Ostrovsky Adam M
Sidney Kimmel Medical College at Thomas Jefferson University, Philadelphia, PA, USA.
Am J Emerg Med. 2025 Jul;93:99-102. doi: 10.1016/j.ajem.2025.03.060. Epub 2025 Mar 27.
The rapid advancement of artificial intelligence (AI) has great ability to impact healthcare. Chest X-rays are essential for diagnosing acute thoracic conditions in the emergency department (ED), but interpretation delays due to radiologist availability can impact clinical decision-making. AI models, including deep learning algorithms, have been explored for diagnostic support, but the potential of large language models (LLMs) in emergency radiology remains largely unexamined.
This study assessed ChatGPT's feasibility in interpreting chest X-rays for acute thoracic conditions commonly encountered in the ED. A subset of 1400 images from the NIH Chest X-ray dataset was analyzed, representing seven pathology categories: Atelectasis, Effusion, Emphysema, Pneumothorax, Pneumonia, Mass, and No Finding. ChatGPT 4.0, utilizing the "X-Ray Interpreter" add-on, was evaluated for its diagnostic performance across these categories.

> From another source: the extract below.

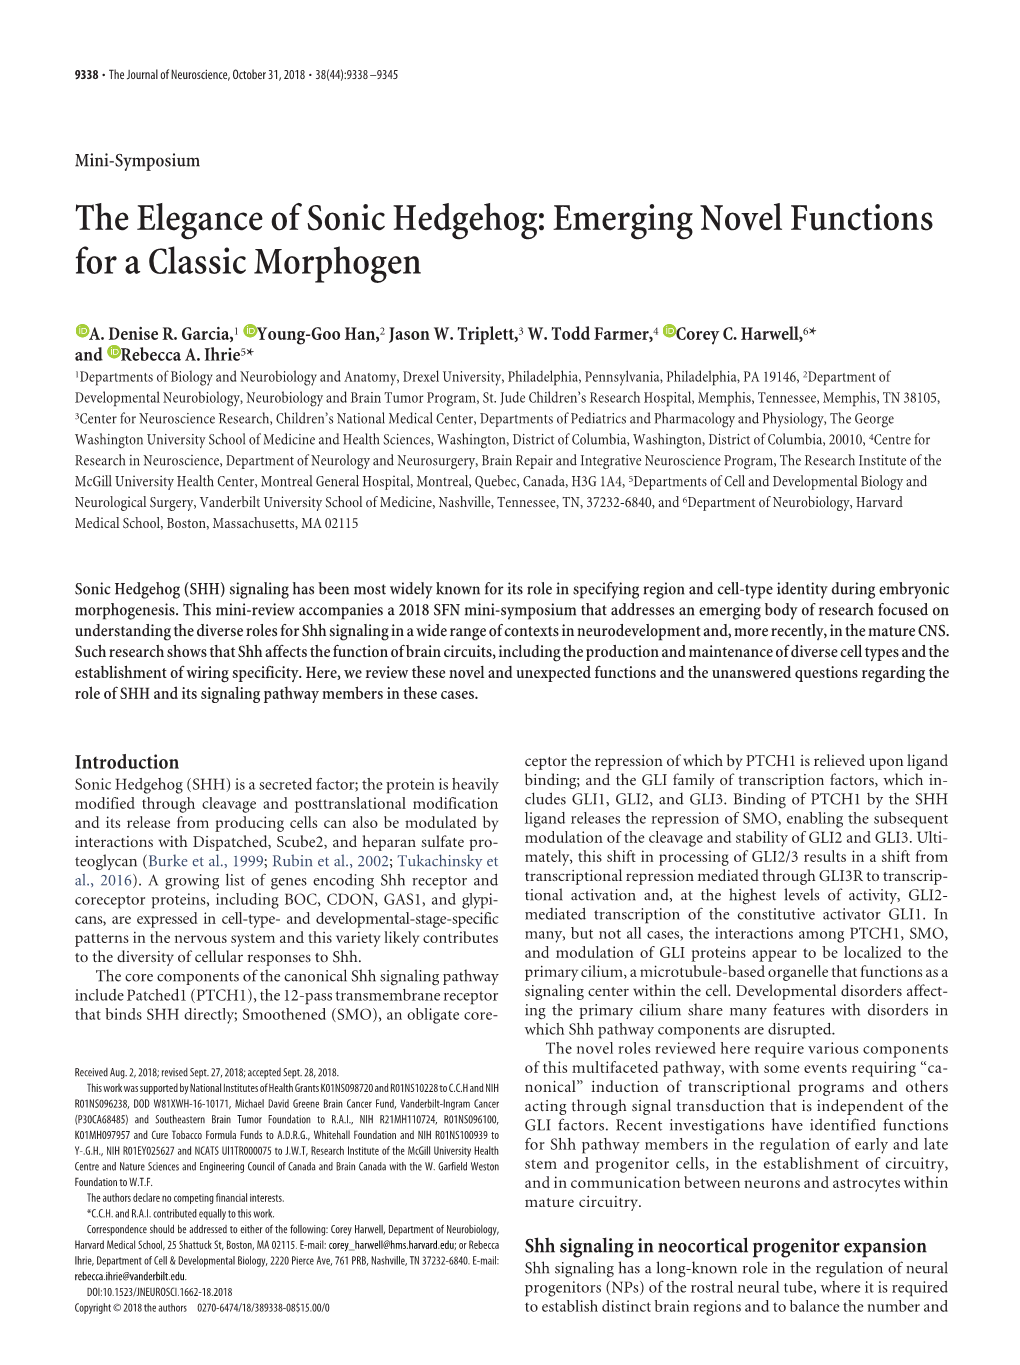 The Elegance of Sonic Hedgehog: Emerging Novel Functions for a Classic Morphogen

ChatGPT demonstrated high performance in identifying normal chest X-rays, with a sensitivity of 98.9 %, specificity of 93.9 %, and accuracy of 94.7 %. However, the model's performance varied across pathologies. The best results were observed in diagnosing pneumonia (sensitivity 76.2 %, specificity 93.7 %) and pneumothorax (sensitivity 77.4 %, specificity 89.1 %), while performance for atelectasis and emphysema was lower.
ChatGPT demonstrates potential as a supplementary tool for differentiating normal from abnormal chest X-rays, with promising results for certain pathologies like pneumonia. However, its diagnostic accuracy for more subtle conditions requires improvement. Further research integrating ChatGPT with specialized image recognition models could enhance its performance, offering new possibilities in medical imaging and education.
人工智能(AI)的快速发展对医疗保健具有巨大影响。胸部X光对于急诊科(ED)诊断急性胸部疾病至关重要,但由于放射科医生人手不足导致的解读延迟会影响临床决策。人们已经探索了包括深度学习算法在内的人工智能模型用于诊断支持,但大语言模型(LLMs)在急诊放射学中的潜力在很大程度上仍未得到研究。
本研究评估了ChatGPT在解读急诊科常见急性胸部疾病胸部X光方面的可行性。分析了美国国立医学图书馆(NIH)胸部X光数据集中的1400张图像子集,代表七种病理类别:肺不张、胸腔积液、肺气肿、气胸、肺炎、肿块和未见异常。利用“X光解读器”插件的ChatGPT 4.0针对这些类别评估其诊断性能。
ChatGPT在识别正常胸部X光方面表现出高性能,灵敏度为98.9%,特异度为93.9%,准确率为94.7%。然而,该模型在不同病理情况下的表现有所不同。在诊断肺炎(灵敏度76.2%,特异度93.7%)和气胸(灵敏度77.4%,特异度89.1%)方面观察到最佳结果,而肺不张和肺气肿的表现较低。
ChatGPT作为区分正常与异常胸部X光的辅助工具具有潜力,对肺炎等某些病理情况有良好结果。然而,其对更细微病症的诊断准确性需要提高。将ChatGPT与专门的图像识别模型相结合的进一步研究可以提高其性能,为医学成像和教育提供新的可能性。